I knew that Tuesday, July fifth, was going to be a day larger than other days. I even think I knew what things would happen before they happened, but since they did I will never be sure whether I really knew.
I think I knew that the seventeen-jewel, shockproof Mr. Baker, who ticked the hours, would come rattling at my front door an hour before the bank opening time. He did before I had opened for business. I let him in and closed the doors after him.
“What an awful thing,” he said. “I was out of touch. I came back as soon as I heard.”
“Which awful thing, sir?”
“Why, the scandal! Those men are my friends, my old friends. I’ve got to do something.”
“They won’t even be questioned before election—just charged.”
“I know. Couldn’t we issue a statement of our belief in their innocence? Even a paid advertisement if necessary.”
“In what, sir? The
Bay Harbor Messenger
doesn’t come out until Thursday.”
“Well, something should be done.”
“I know.”
It was so formal. He must have known I knew. And yet he met my eyes and he seemed genuinely worried.
“The crazy fringe will ruin town elections unless we do something. We’ve got to offer new candidates. We don’t have any choice. It’s a terrible thing to do to old friends, but they’d be the first to know we can’t let the egghead fringe get in.”
“Why don’t you talk to them?”
“They’re bruised and mad. They haven’t had time to think it out. Did Marullo come?”
“He sent a friend. I bought the store for three thousand.”
“That’s good. You got a bargain. Get the papers?”
“Yes.”
“Well, if he jumps, the bills are listed.”
“He won’t jump.
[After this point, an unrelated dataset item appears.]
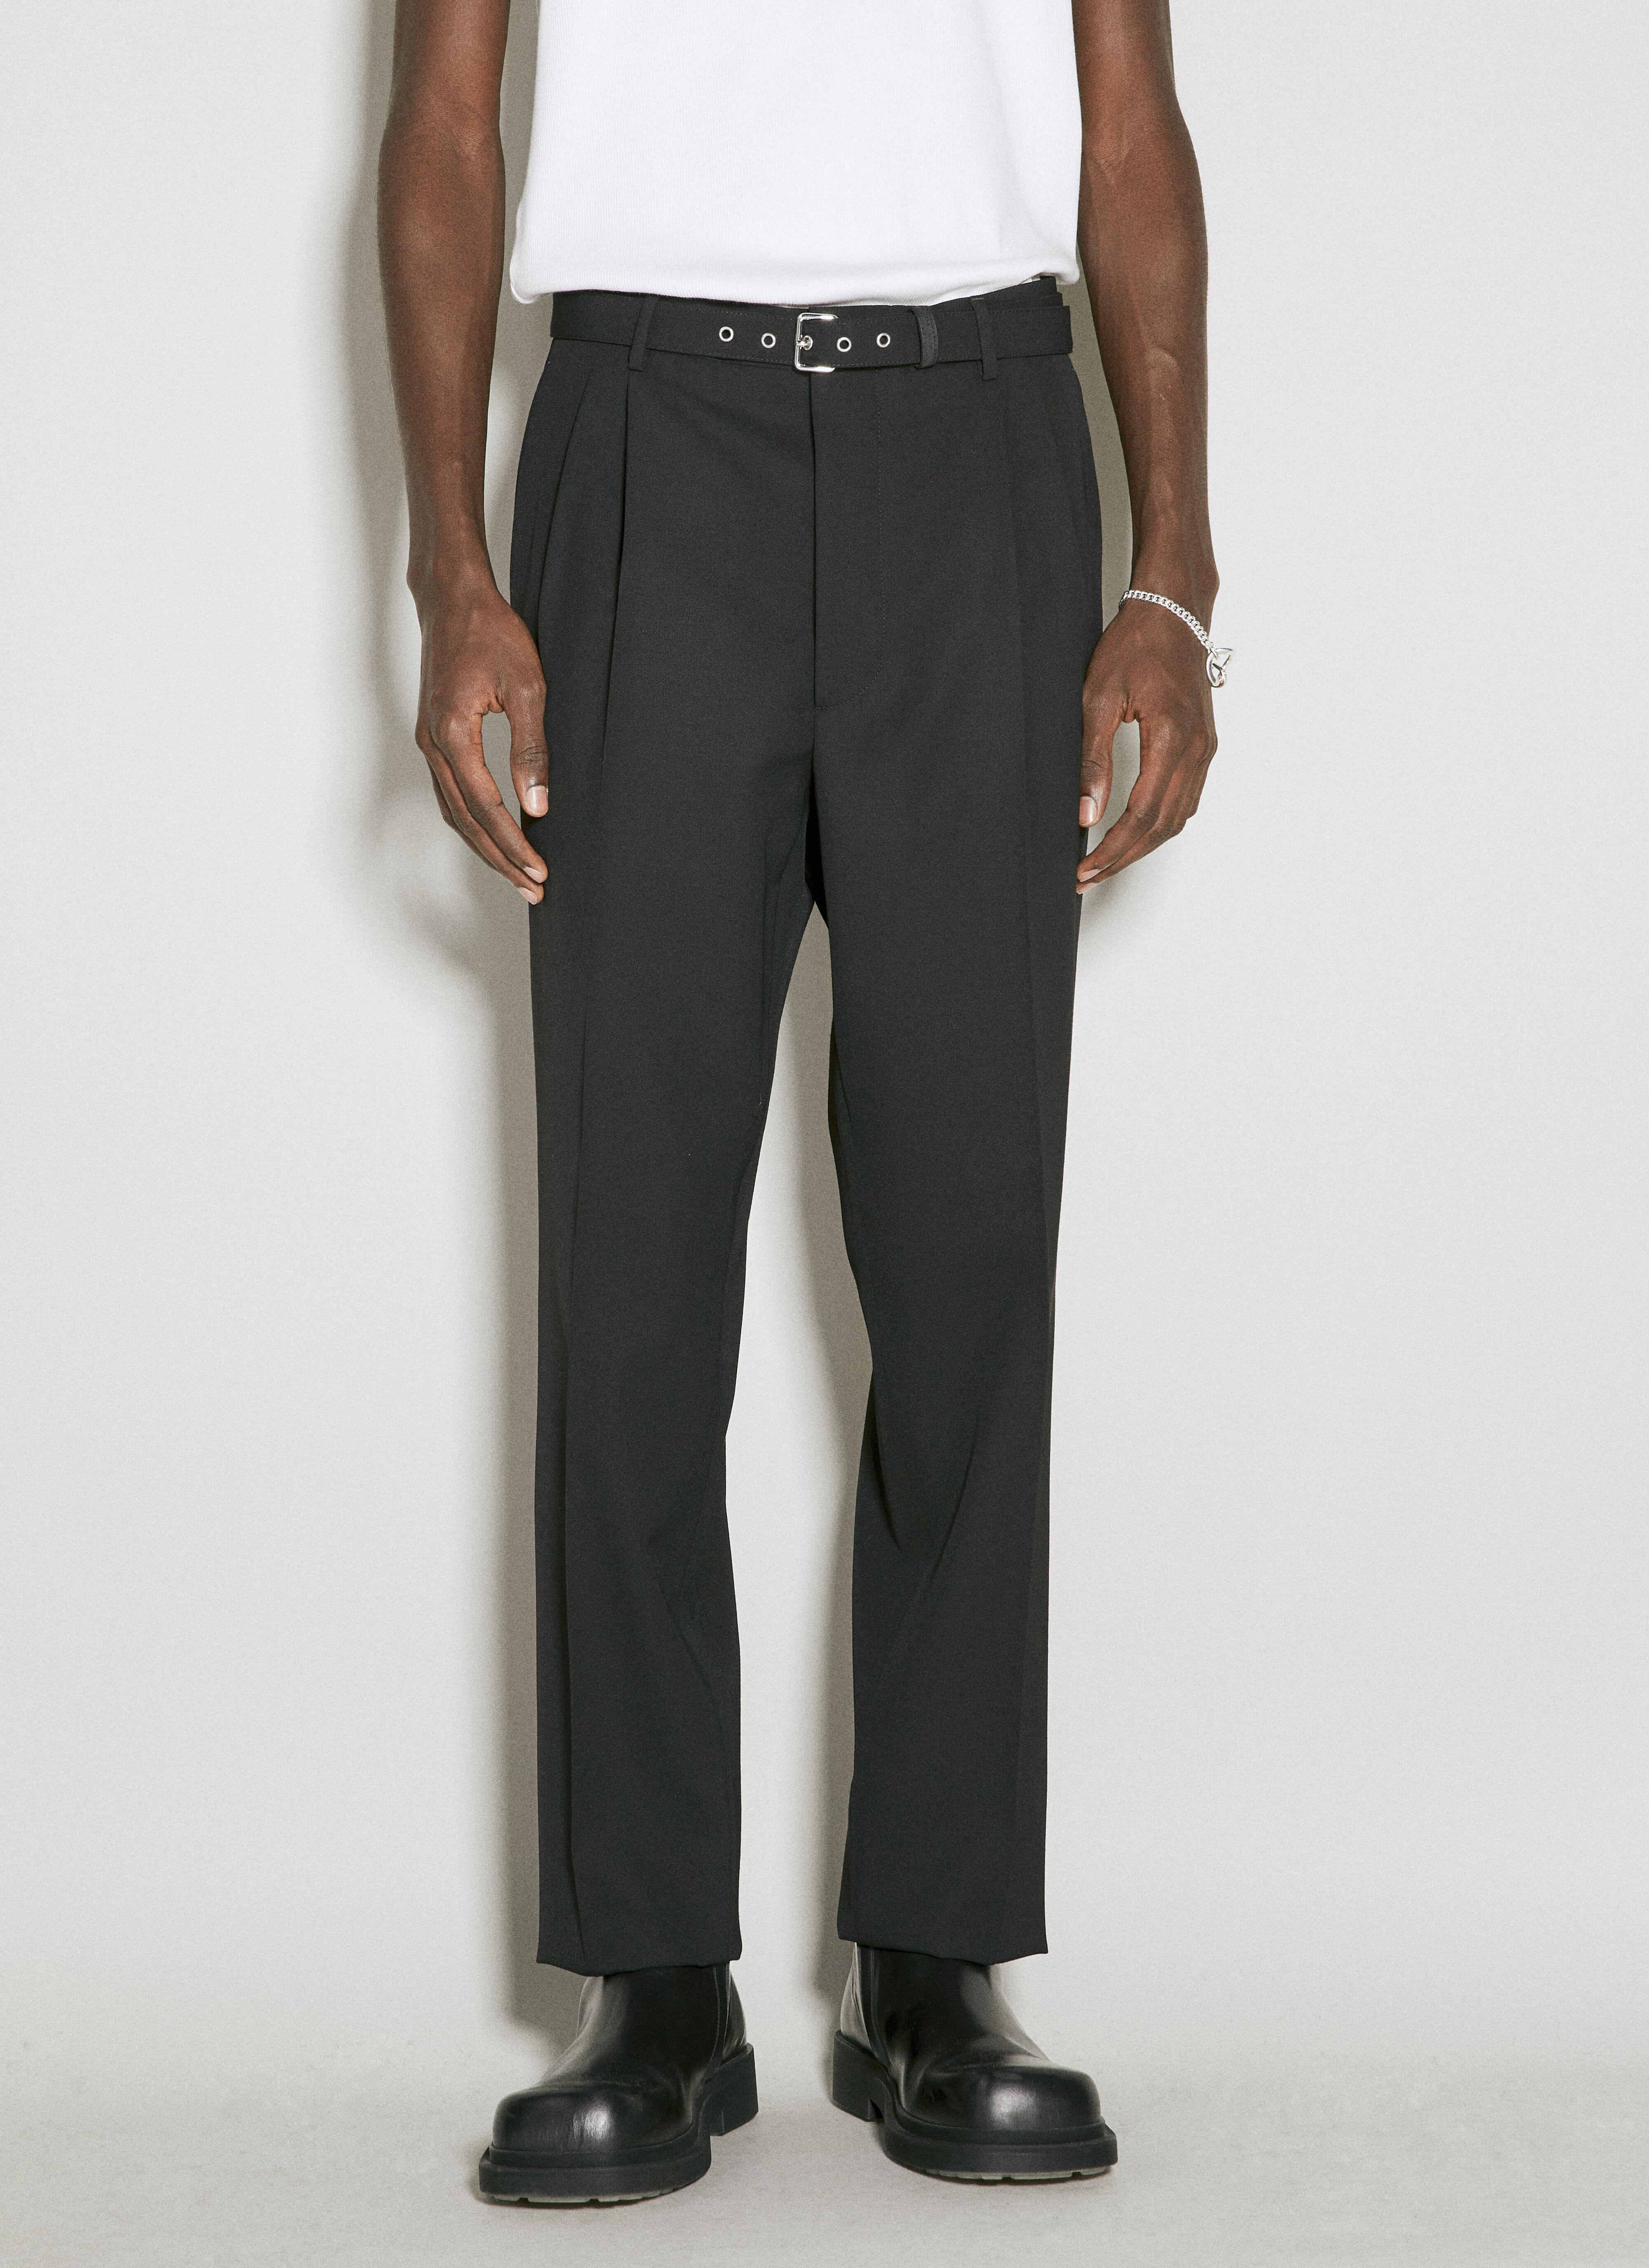 Vivienne Westwood Belted Wool Pants Black vvw0155001

He wants to go. He’s tired.”
“I never trusted him. Never knew what he had his fingers in.”
“Was he a crook, sir?”
“He was tricky, played both sides of the street. He’s worth a lot if he can dispose of his property, but three thousand—that’s a giveaway.”
“He liked me.”
“He must have. Who did he send, the Mafia?”
“A government man. You see, Marullo trusted me.”
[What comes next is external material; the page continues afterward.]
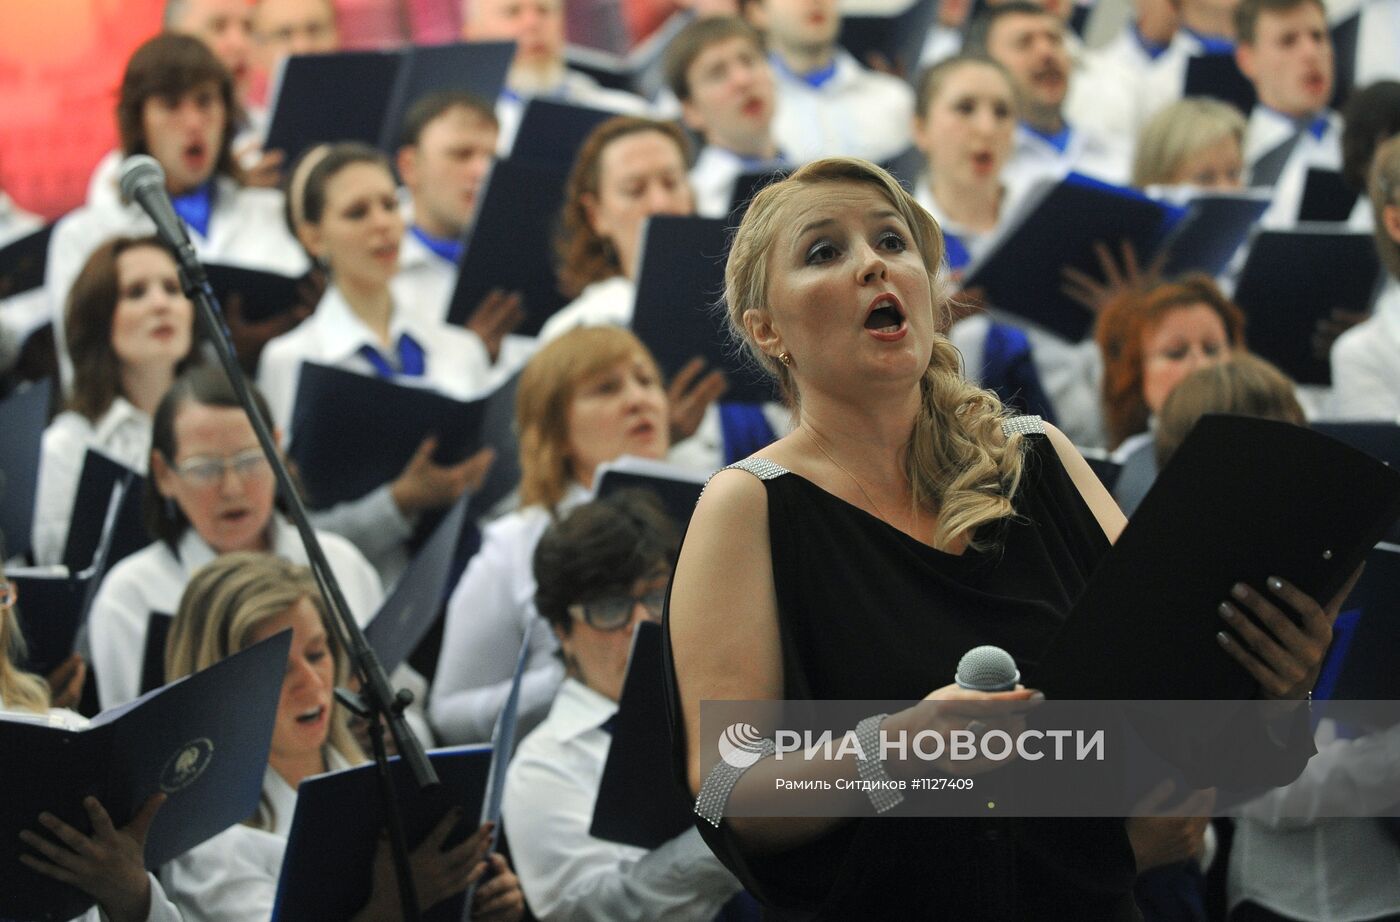 Ночной концерт в Московском метрополитене

Mr. Baker clasped his brow, and that was out of character. “Why didn’t I think of it? You’re the man. Good family, reliable, property-owner, businessman, respected. You don’t have an enemy in town. Of course you’re the man.”
“The man?”
“For Town Manager.”
“I’ve only been a businessman since Saturday.”
“You know what I mean. Around you we could get respectable new faces. Why, it’s the perfect way.”
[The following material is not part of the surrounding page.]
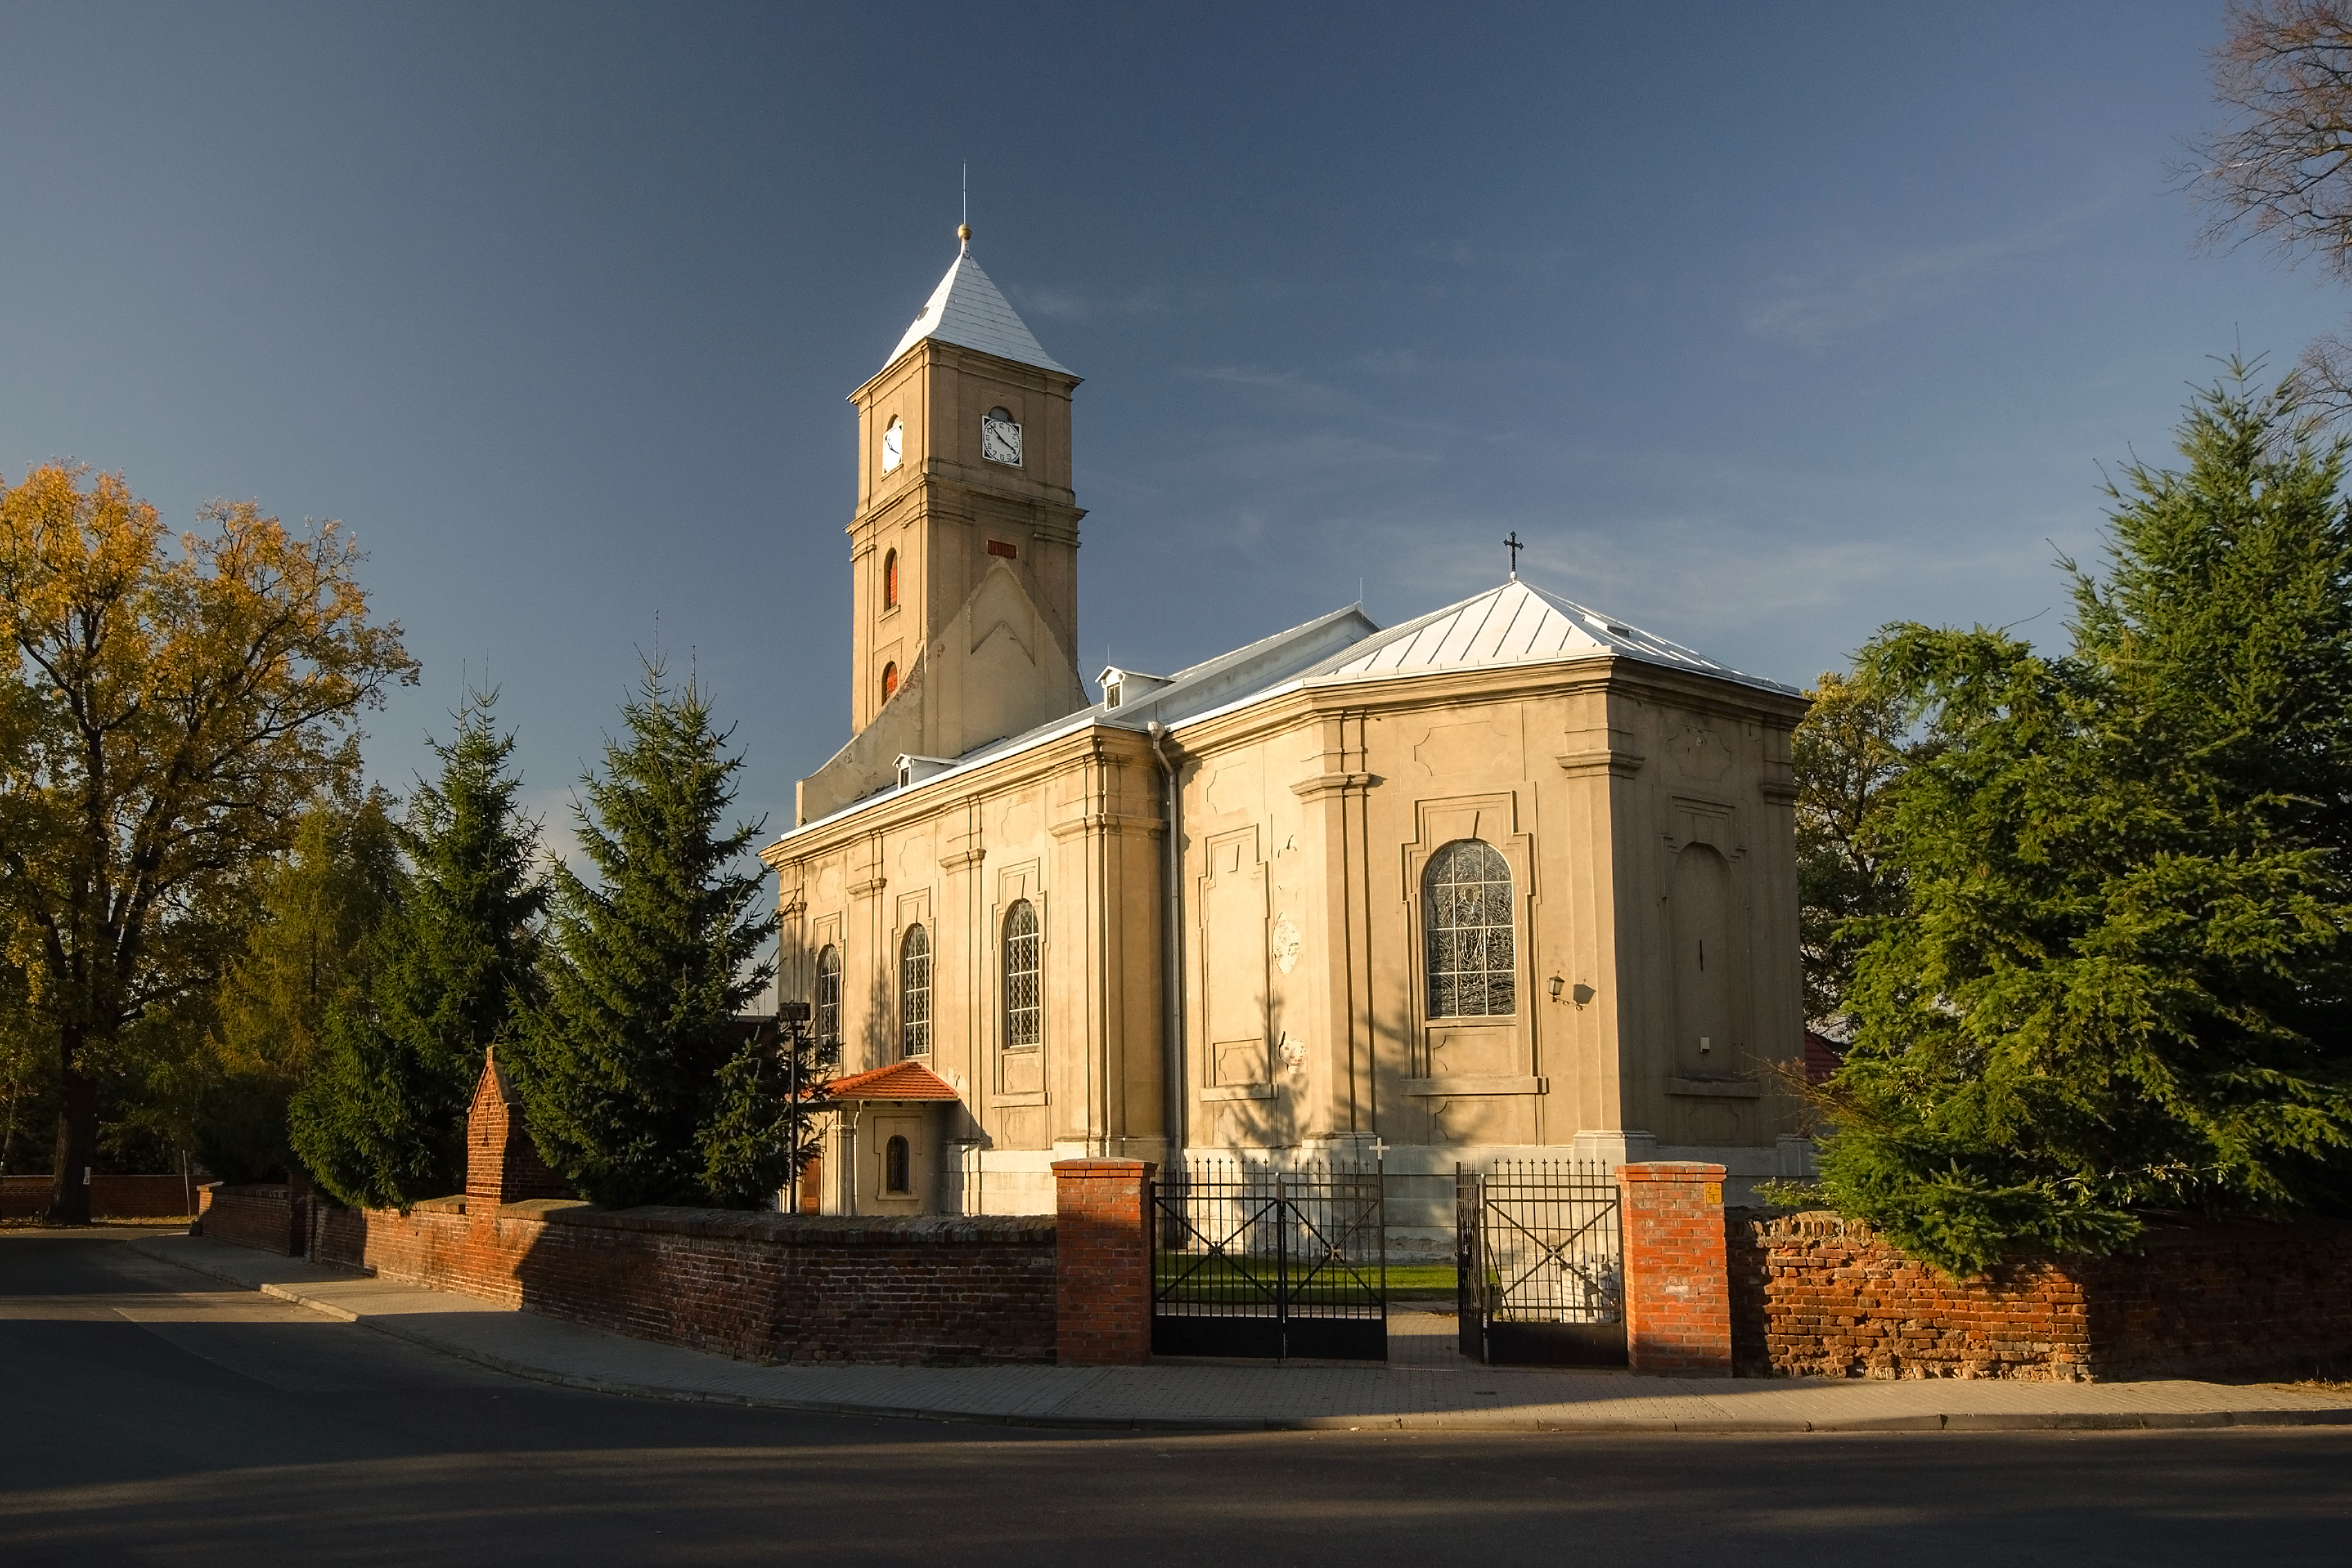 SM Gajków Kościół św Małgorzaty (2) ID 599531

“From grocery clerk to Town Manager?”
“Nobody ever thought of a Hawley as a grocery clerk.”
“I did. Mary did.”
“But you aren’t. We can announce it today before that crazy fringe gets set.”
“I’ll have to consider it from keelson to skys’l.”
“There’s no time.”
“Who had you thought of before?”
“Before what?”
“Before the council burned. I’ll talk to you later. Saturday was a big day. I could have sold the scales.”
“You can make a nice thing of this store, Ethan. I advise you to build it up and sell it. You’re going to be too big to wait on customers. Is there any word at all about Danny?”
“Not yet. Not so far.”
“You shouldn’t have given him money.”
“Perhaps not. I thought I was doing a good deed.”
“Of course you did. Of course you did.”
“Mr. Baker, sir—what happened to the
Belle-Adair
?”
“What happened? Why, she burned.”
“In the harbor—how did it start, sir?”